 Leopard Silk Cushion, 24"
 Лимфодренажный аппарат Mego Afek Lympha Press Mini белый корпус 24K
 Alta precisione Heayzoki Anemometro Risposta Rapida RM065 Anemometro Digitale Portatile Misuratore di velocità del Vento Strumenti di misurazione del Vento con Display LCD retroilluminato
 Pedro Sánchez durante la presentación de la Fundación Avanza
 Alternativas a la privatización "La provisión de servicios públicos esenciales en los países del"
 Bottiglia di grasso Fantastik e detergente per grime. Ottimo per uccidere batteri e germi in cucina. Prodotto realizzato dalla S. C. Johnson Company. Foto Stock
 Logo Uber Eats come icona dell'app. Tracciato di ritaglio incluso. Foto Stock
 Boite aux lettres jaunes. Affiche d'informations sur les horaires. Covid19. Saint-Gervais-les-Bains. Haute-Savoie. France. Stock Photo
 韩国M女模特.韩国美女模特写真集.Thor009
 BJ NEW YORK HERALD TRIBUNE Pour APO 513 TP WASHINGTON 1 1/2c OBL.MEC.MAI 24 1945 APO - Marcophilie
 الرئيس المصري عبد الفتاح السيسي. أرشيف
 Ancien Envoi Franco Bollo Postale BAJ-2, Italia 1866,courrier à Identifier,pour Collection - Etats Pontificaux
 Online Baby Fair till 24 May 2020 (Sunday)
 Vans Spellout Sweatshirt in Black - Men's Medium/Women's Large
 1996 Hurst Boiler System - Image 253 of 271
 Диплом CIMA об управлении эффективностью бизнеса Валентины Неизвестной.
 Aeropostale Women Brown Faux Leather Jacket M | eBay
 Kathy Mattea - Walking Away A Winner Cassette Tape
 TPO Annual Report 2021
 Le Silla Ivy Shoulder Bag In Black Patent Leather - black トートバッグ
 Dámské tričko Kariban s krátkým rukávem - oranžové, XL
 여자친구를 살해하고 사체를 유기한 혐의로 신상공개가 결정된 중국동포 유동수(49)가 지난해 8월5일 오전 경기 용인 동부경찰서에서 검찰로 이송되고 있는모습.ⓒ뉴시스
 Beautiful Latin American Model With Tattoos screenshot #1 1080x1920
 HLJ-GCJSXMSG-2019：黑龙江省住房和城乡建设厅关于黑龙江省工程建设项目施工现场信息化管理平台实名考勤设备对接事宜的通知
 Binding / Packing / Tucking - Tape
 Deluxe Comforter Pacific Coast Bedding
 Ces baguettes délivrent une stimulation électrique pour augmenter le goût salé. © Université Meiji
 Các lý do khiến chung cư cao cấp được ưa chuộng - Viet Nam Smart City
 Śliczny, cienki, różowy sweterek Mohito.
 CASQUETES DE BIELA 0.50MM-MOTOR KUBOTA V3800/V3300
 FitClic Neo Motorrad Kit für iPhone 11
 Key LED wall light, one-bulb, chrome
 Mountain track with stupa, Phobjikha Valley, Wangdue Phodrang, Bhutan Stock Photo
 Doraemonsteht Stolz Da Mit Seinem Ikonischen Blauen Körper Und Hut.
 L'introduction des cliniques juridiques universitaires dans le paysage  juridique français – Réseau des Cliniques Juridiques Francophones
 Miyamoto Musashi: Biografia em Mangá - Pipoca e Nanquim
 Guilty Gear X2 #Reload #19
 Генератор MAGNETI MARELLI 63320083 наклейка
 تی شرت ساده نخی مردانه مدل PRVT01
☆ ☆ ☆ ☆ ☆
### WHAT IS BEING ASKED:
In the listing above, find each line with the word "Tape" and copy it out.

### ANSWER FOR THE TASK:
 Kathy Mattea - Walking Away A Winner Cassette Tape
 Binding / Packing / Tucking - Tape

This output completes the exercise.